### Available records
********************

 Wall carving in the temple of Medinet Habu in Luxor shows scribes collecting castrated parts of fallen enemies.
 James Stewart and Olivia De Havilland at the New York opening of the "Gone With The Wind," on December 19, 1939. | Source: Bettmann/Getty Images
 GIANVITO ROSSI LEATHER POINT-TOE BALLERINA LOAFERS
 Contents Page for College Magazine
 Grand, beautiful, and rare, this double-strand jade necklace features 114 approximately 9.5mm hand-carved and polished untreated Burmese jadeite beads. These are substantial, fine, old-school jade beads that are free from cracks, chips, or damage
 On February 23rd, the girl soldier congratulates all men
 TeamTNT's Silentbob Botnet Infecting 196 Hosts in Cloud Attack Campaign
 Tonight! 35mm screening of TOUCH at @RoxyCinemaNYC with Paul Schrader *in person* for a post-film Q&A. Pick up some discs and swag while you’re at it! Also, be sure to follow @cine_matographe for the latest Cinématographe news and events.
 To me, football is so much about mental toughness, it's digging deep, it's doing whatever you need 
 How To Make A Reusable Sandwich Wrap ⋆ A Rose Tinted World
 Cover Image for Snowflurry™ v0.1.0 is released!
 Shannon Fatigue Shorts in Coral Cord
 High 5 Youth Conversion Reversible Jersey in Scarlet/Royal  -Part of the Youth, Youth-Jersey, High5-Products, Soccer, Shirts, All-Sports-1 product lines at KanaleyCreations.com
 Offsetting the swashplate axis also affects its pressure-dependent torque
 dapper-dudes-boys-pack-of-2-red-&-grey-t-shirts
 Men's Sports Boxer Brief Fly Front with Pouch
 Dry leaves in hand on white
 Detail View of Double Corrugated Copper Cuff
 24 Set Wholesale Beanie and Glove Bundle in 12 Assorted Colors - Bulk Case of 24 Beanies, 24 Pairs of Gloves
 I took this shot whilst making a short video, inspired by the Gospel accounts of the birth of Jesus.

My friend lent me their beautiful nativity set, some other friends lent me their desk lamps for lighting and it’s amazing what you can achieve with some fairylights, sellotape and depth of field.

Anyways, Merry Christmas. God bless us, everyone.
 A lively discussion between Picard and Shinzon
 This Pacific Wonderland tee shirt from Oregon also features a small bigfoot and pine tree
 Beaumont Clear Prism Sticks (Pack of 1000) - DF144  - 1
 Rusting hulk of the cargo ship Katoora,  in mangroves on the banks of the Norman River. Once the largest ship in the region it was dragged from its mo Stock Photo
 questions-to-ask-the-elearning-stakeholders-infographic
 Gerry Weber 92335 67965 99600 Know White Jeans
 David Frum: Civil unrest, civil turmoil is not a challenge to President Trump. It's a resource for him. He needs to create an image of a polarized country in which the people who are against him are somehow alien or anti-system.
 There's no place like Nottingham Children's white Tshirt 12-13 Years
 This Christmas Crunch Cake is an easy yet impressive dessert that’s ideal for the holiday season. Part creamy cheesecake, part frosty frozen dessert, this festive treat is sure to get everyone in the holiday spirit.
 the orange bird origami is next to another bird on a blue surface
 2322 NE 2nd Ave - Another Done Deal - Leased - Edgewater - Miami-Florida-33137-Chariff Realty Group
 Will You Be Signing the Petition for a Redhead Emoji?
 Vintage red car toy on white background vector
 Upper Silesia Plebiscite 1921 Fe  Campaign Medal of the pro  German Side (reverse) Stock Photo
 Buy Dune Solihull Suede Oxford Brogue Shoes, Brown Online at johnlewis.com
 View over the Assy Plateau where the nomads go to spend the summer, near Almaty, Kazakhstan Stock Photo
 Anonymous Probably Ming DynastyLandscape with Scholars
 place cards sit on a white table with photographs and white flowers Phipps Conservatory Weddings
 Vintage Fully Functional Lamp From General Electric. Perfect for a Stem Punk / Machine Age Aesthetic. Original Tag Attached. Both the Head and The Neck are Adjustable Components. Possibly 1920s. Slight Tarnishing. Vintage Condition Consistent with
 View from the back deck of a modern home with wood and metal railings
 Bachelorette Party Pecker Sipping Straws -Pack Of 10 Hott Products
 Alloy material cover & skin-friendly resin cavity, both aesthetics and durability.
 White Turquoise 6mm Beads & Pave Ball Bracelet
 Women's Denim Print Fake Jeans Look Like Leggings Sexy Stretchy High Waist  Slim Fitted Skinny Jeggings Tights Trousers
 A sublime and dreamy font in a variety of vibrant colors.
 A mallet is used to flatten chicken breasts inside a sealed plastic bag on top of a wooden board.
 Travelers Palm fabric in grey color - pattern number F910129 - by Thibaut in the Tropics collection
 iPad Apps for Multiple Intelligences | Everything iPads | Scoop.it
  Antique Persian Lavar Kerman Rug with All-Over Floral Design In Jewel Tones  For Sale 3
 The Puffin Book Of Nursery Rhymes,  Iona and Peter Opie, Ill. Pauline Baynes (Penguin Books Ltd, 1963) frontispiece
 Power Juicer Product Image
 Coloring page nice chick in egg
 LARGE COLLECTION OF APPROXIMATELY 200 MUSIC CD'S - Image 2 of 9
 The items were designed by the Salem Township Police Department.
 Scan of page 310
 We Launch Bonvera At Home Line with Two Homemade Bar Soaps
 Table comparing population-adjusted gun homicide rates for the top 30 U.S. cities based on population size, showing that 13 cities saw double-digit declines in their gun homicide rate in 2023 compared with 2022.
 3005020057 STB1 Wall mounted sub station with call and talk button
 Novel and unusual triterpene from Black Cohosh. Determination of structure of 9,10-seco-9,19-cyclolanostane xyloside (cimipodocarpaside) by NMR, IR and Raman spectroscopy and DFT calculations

********************

### Exercise prompt
All the data must be duplicated exactly, with nothing added or removed.

### The completed task
 Wall carving in the temple of Medinet Habu in Luxor shows scribes collecting castrated parts of fallen enemies.
 James Stewart and Olivia De Havilland at the New York opening of the "Gone With The Wind," on December 19, 1939. | Source: Bettmann/Getty Images
 GIANVITO ROSSI LEATHER POINT-TOE BALLERINA LOAFERS
 Contents Page for College Magazine
 Grand, beautiful, and rare, this double-strand jade necklace features 114 approximately 9.5mm hand-carved and polished untreated Burmese jadeite beads. These are substantial, fine, old-school jade beads that are free from cracks, chips, or damage
 On February 23rd, the girl soldier congratulates all men
 TeamTNT's Silentbob Botnet Infecting 196 Hosts in Cloud Attack Campaign
 Tonight! 35mm screening of TOUCH at @RoxyCinemaNYC with Paul Schrader *in person* for a post-film Q&A. Pick up some discs and swag while you’re at it! Also, be sure to follow @cine_matographe for the latest Cinématographe news and events.
 To me, football is so much about mental toughness, it's digging deep, it's doing whatever you need 
 How To Make A Reusable Sandwich Wrap ⋆ A Rose Tinted World
 Cover Image for Snowflurry™ v0.1.0 is released!
 Shannon Fatigue Shorts in Coral Cord
 High 5 Youth Conversion Reversible Jersey in Scarlet/Royal  -Part of the Youth, Youth-Jersey, High5-Products, Soccer, Shirts, All-Sports-1 product lines at KanaleyCreations.com
 Offsetting the swashplate axis also affects its pressure-dependent torque
 dapper-dudes-boys-pack-of-2-red-&-grey-t-shirts
 Men's Sports Boxer Brief Fly Front with Pouch
 Dry leaves in hand on white
 Detail View of Double Corrugated Copper Cuff
 24 Set Wholesale Beanie and Glove Bundle in 12 Assorted Colors - Bulk Case of 24 Beanies, 24 Pairs of Gloves
 I took this shot whilst making a short video, inspired by the Gospel accounts of the birth of Jesus.

My friend lent me their beautiful nativity set, some other friends lent me their desk lamps for lighting and it’s amazing what you can achieve with some fairylights, sellotape and depth of field.

Anyways, Merry Christmas. God bless us, everyone.
 A lively discussion between Picard and Shinzon
 This Pacific Wonderland tee shirt from Oregon also features a small bigfoot and pine tree
 Beaumont Clear Prism Sticks (Pack of 1000) - DF144  - 1
 Rusting hulk of the cargo ship Katoora,  in mangroves on the banks of the Norman River. Once the largest ship in the region it was dragged from its mo Stock Photo
 questions-to-ask-the-elearning-stakeholders-infographic
 Gerry Weber 92335 67965 99600 Know White Jeans
 David Frum: Civil unrest, civil turmoil is not a challenge to President Trump. It's a resource for him. He needs to create an image of a polarized country in which the people who are against him are somehow alien or anti-system.
 There's no place like Nottingham Children's white Tshirt 12-13 Years
 This Christmas Crunch Cake is an easy yet impressive dessert that’s ideal for the holiday season. Part creamy cheesecake, part frosty frozen dessert, this festive treat is sure to get everyone in the holiday spirit.
 the orange bird origami is next to another bird on a blue surface
 2322 NE 2nd Ave - Another Done Deal - Leased - Edgewater - Miami-Florida-33137-Chariff Realty Group
 Will You Be Signing the Petition for a Redhead Emoji?
 Vintage red car toy on white background vector
 Upper Silesia Plebiscite 1921 Fe  Campaign Medal of the pro  German Side (reverse) Stock Photo
 Buy Dune Solihull Suede Oxford Brogue Shoes, Brown Online at johnlewis.com
 View over the Assy Plateau where the nomads go to spend the summer, near Almaty, Kazakhstan Stock Photo
 Anonymous Probably Ming DynastyLandscape with Scholars
 place cards sit on a white table with photographs and white flowers Phipps Conservatory Weddings
 Vintage Fully Functional Lamp From General Electric. Perfect for a Stem Punk / Machine Age Aesthetic. Original Tag Attached. Both the Head and The Neck are Adjustable Components. Possibly 1920s. Slight Tarnishing. Vintage Condition Consistent with
 View from the back deck of a modern home with wood and metal railings
 Bachelorette Party Pecker Sipping Straws -Pack Of 10 Hott Products
 Alloy material cover & skin-friendly resin cavity, both aesthetics and durability.
 White Turquoise 6mm Beads & Pave Ball Bracelet
 Women's Denim Print Fake Jeans Look Like Leggings Sexy Stretchy High Waist  Slim Fitted Skinny Jeggings Tights Trousers
 A sublime and dreamy font in a variety of vibrant colors.
 A mallet is used to flatten chicken breasts inside a sealed plastic bag on top of a wooden board.
 Travelers Palm fabric in grey color - pattern number F910129 - by Thibaut in the Tropics collection
 iPad Apps for Multiple Intelligences | Everything iPads | Scoop.it
  Antique Persian Lavar Kerman Rug with All-Over Floral Design In Jewel Tones  For Sale 3
 The Puffin Book Of Nursery Rhymes,  Iona and Peter Opie, Ill. Pauline Baynes (Penguin Books Ltd, 1963) frontispiece
 Power Juicer Product Image
 Coloring page nice chick in egg
 LARGE COLLECTION OF APPROXIMATELY 200 MUSIC CD'S - Image 2 of 9
 The items were designed by the Salem Township Police Department.
 Scan of page 310
 We Launch Bonvera At Home Line with Two Homemade Bar Soaps
 Table comparing population-adjusted gun homicide rates for the top 30 U.S. cities based on population size, showing that 13 cities saw double-digit declines in their gun homicide rate in 2023 compared with 2022.
 3005020057 STB1 Wall mounted sub station with call and talk button
 Novel and unusual triterpene from Black Cohosh. Determination of structure of 9,10-seco-9,19-cyclolanostane xyloside (cimipodocarpaside) by NMR, IR and Raman spectroscopy and DFT calculations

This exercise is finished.